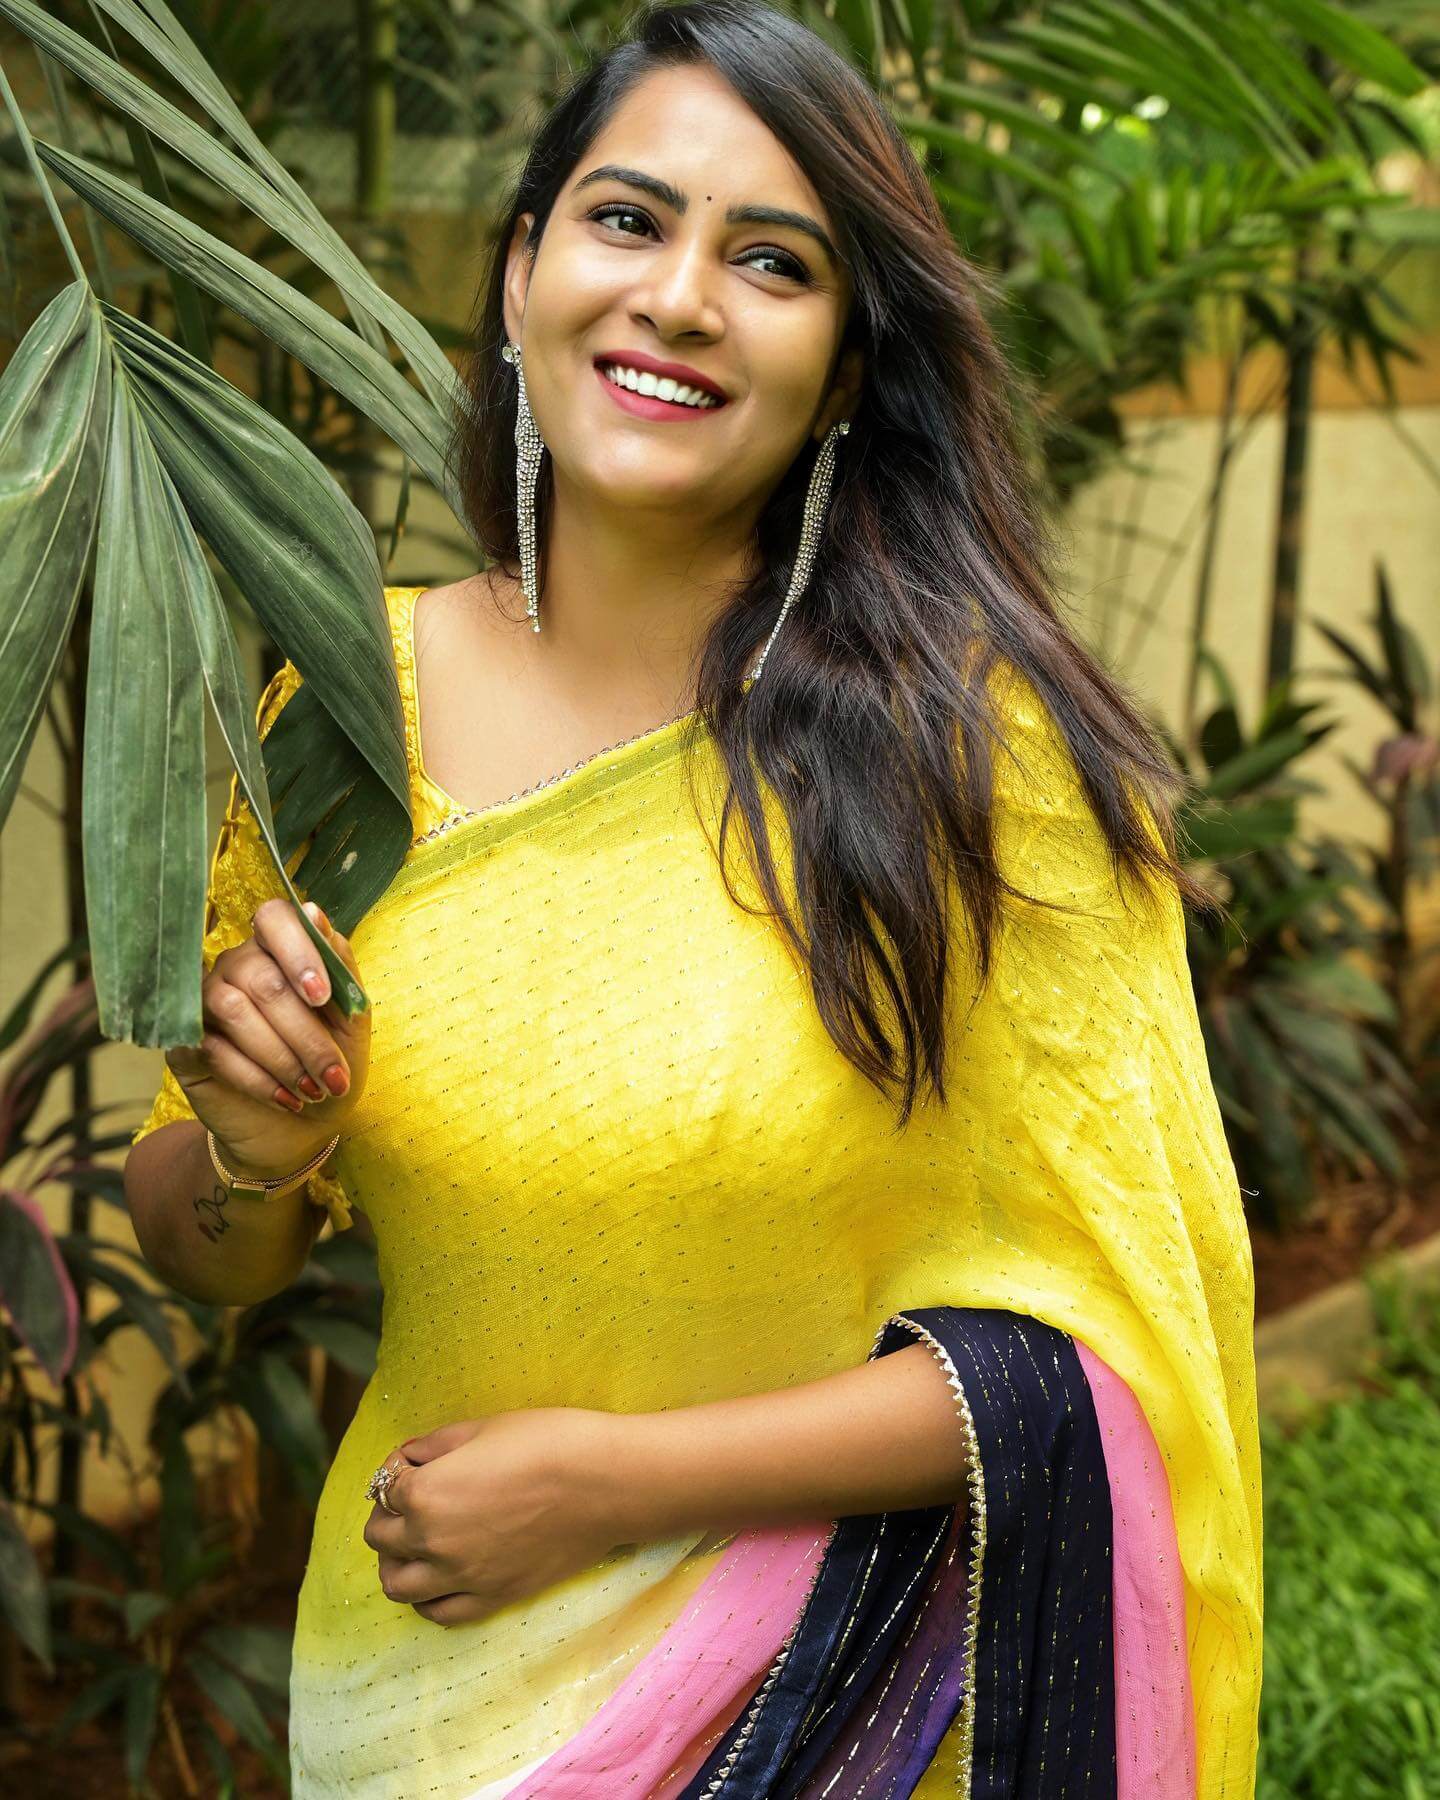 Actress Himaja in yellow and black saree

---

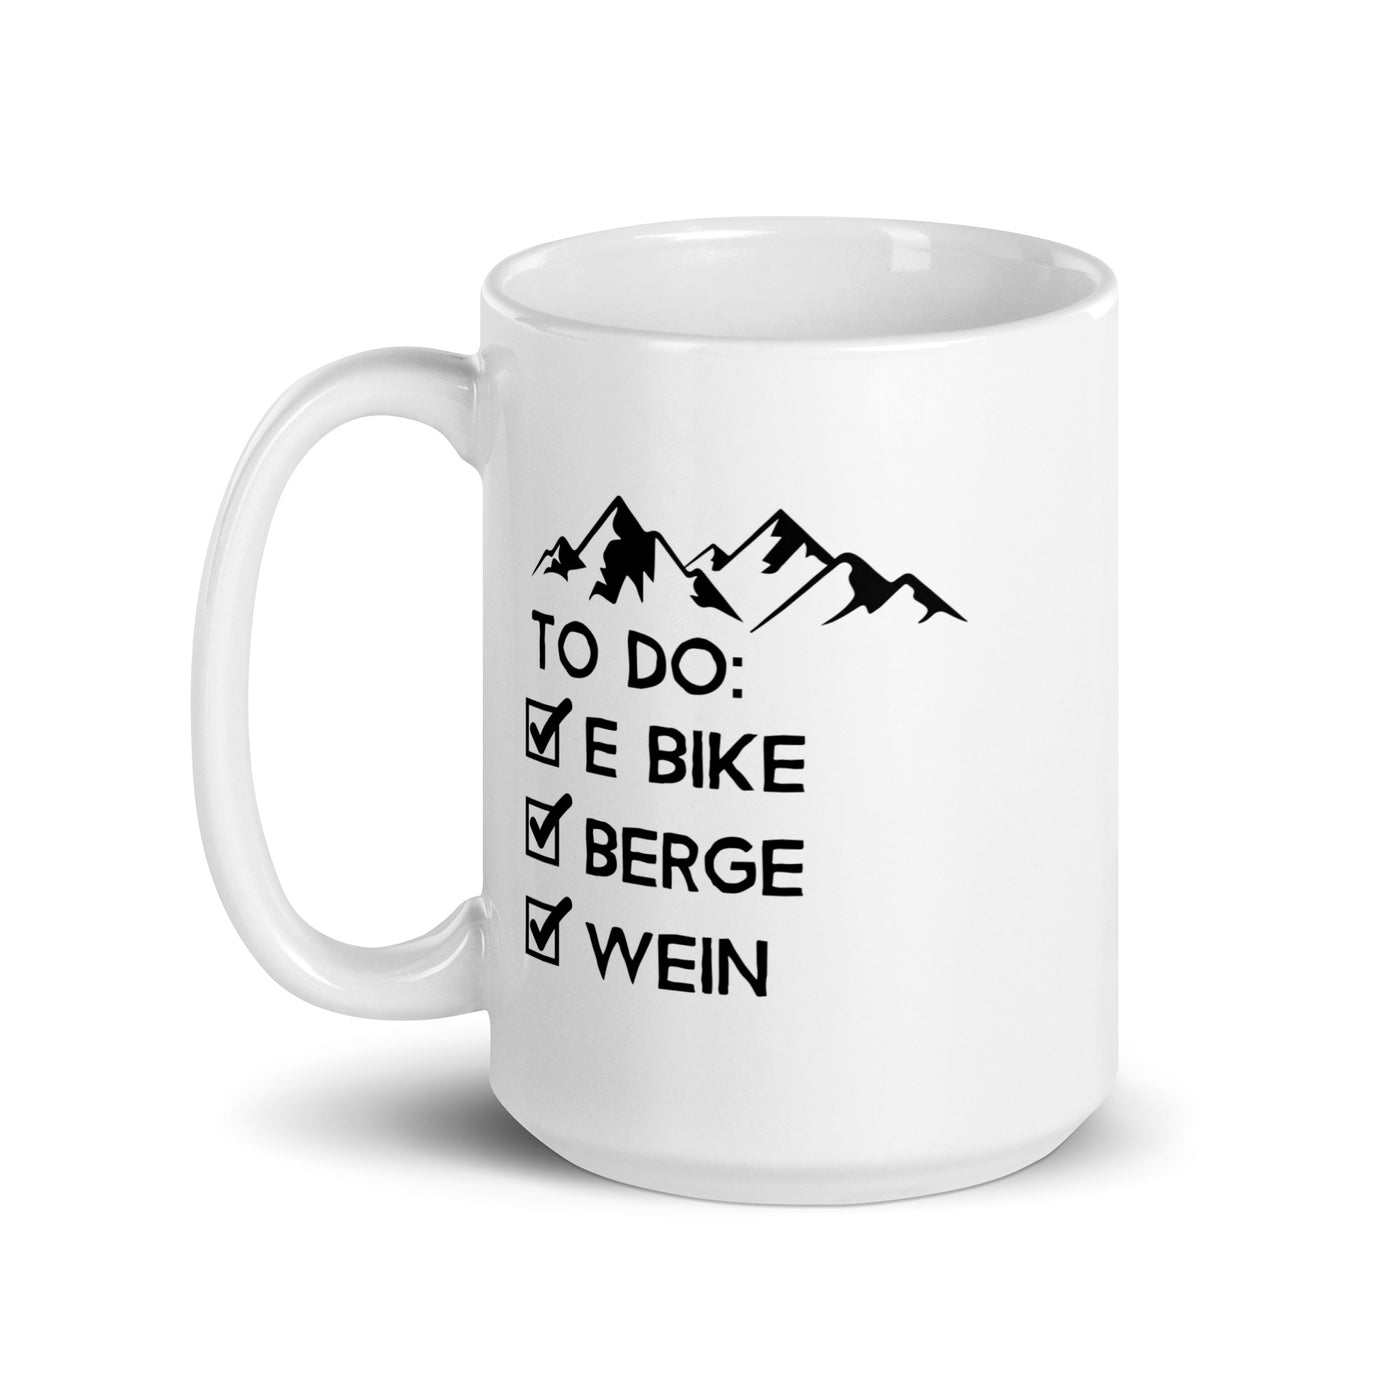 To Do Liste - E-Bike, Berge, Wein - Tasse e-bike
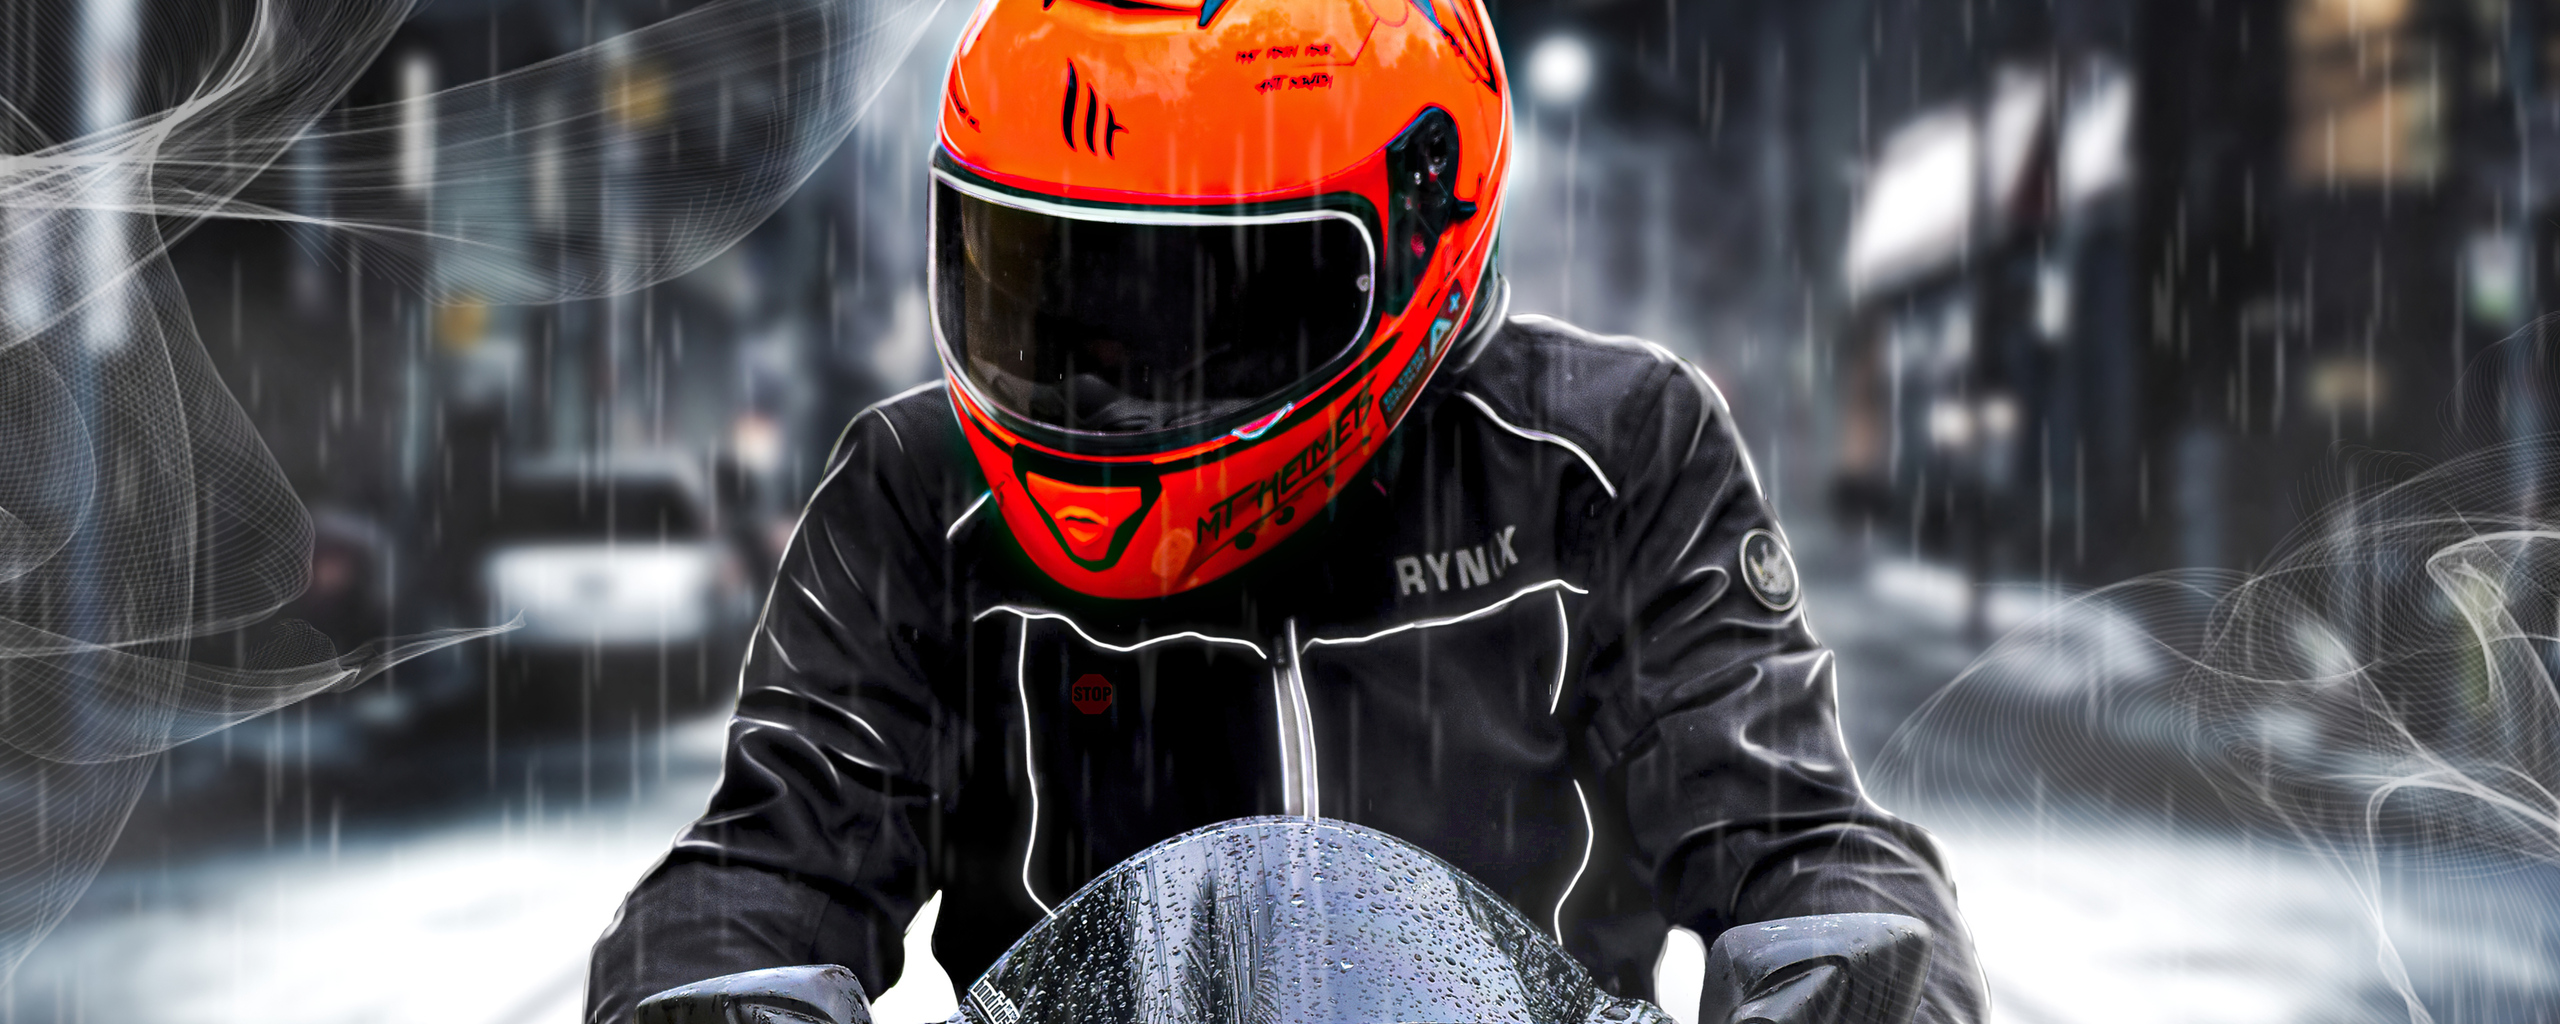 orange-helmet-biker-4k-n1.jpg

...

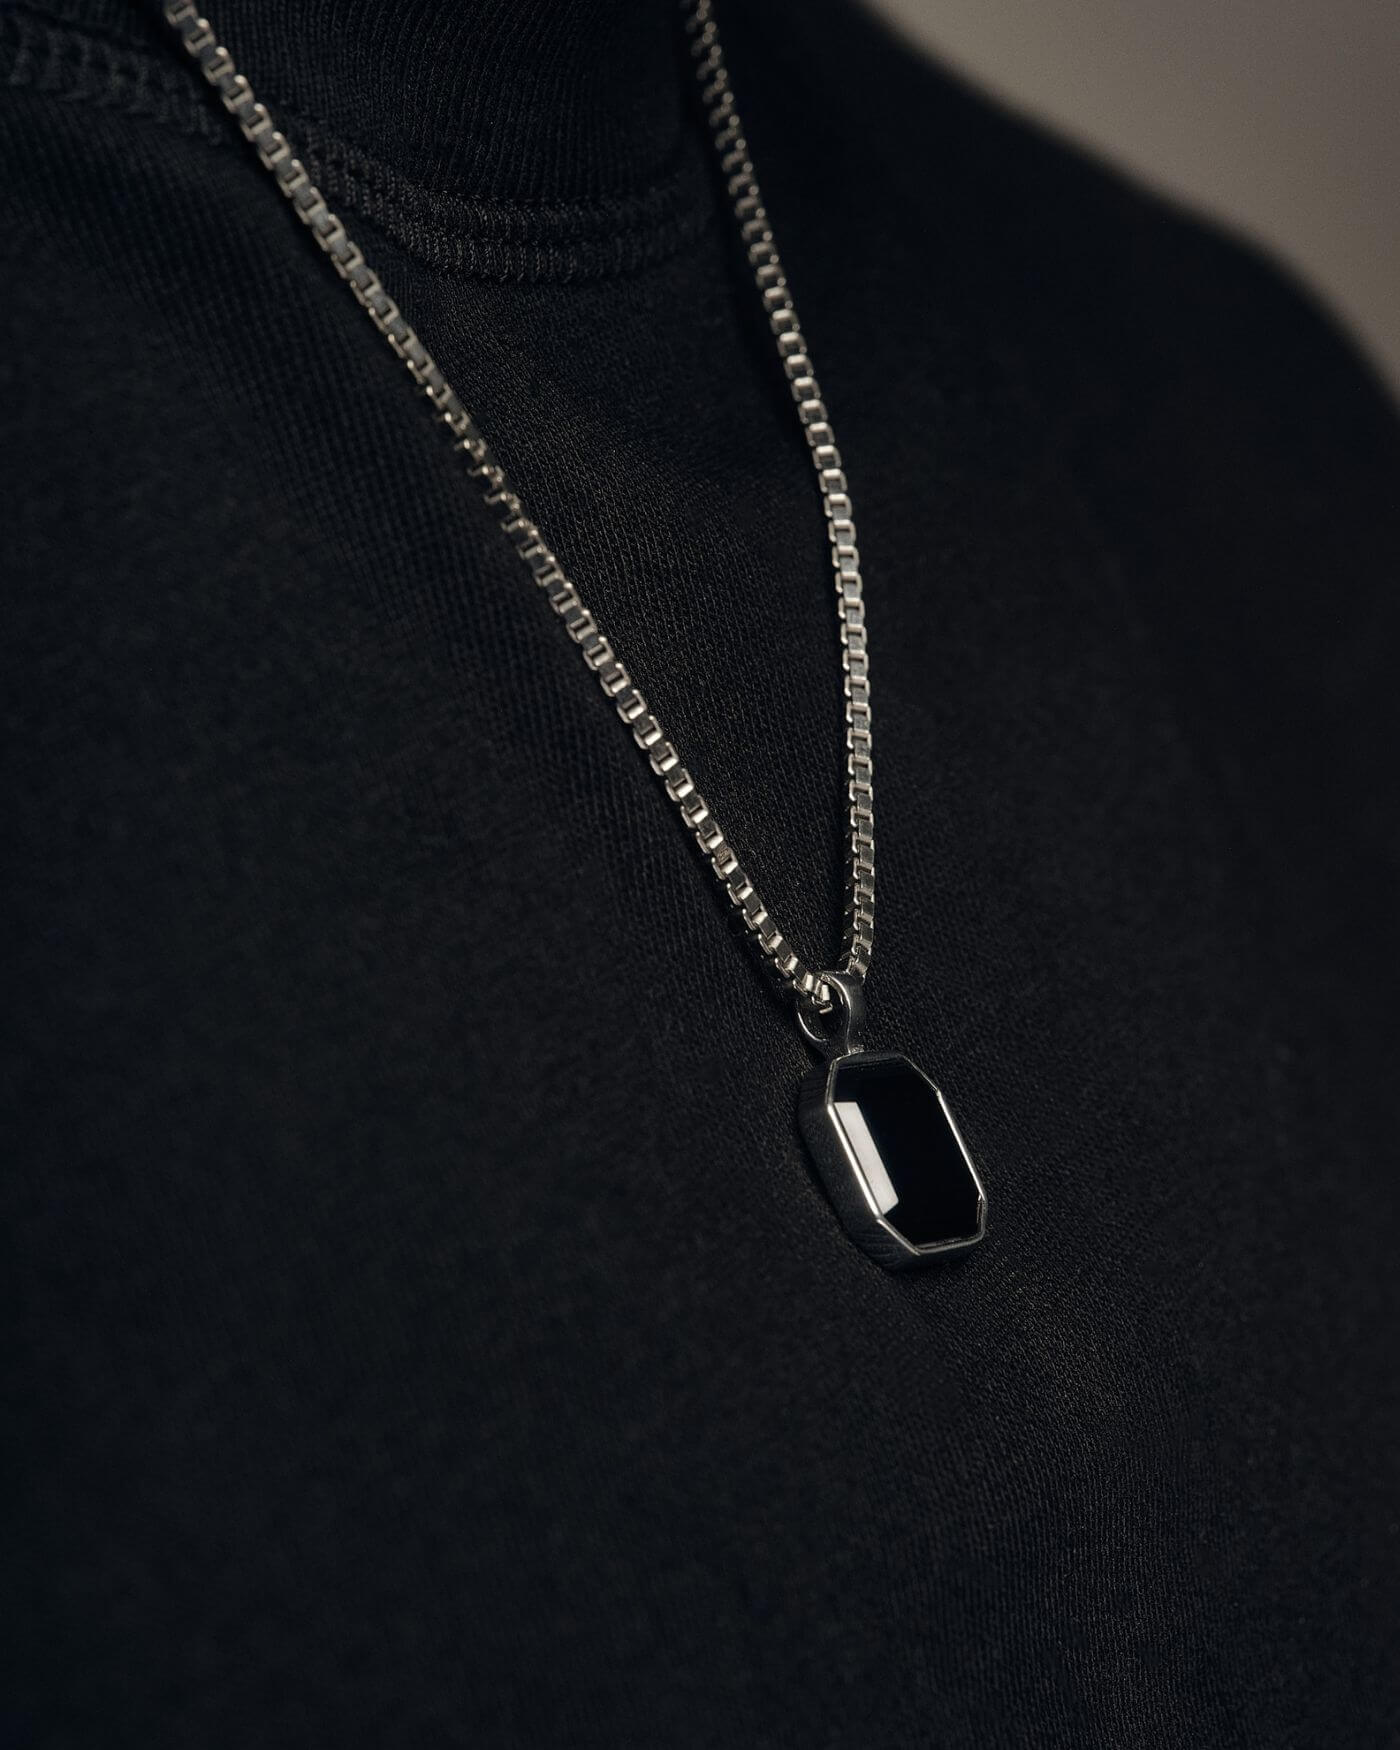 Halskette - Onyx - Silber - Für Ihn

Prompt: Every line above from the one with "To Do Liste" down to the one with "orange-helmet-biker-4k-n1.jpg" must be written out exactly, and no picture may appear.

Result for this exercise:
 To Do Liste - E-Bike, Berge, Wein - Tasse e-bike
 orange-helmet-biker-4k-n1.jpg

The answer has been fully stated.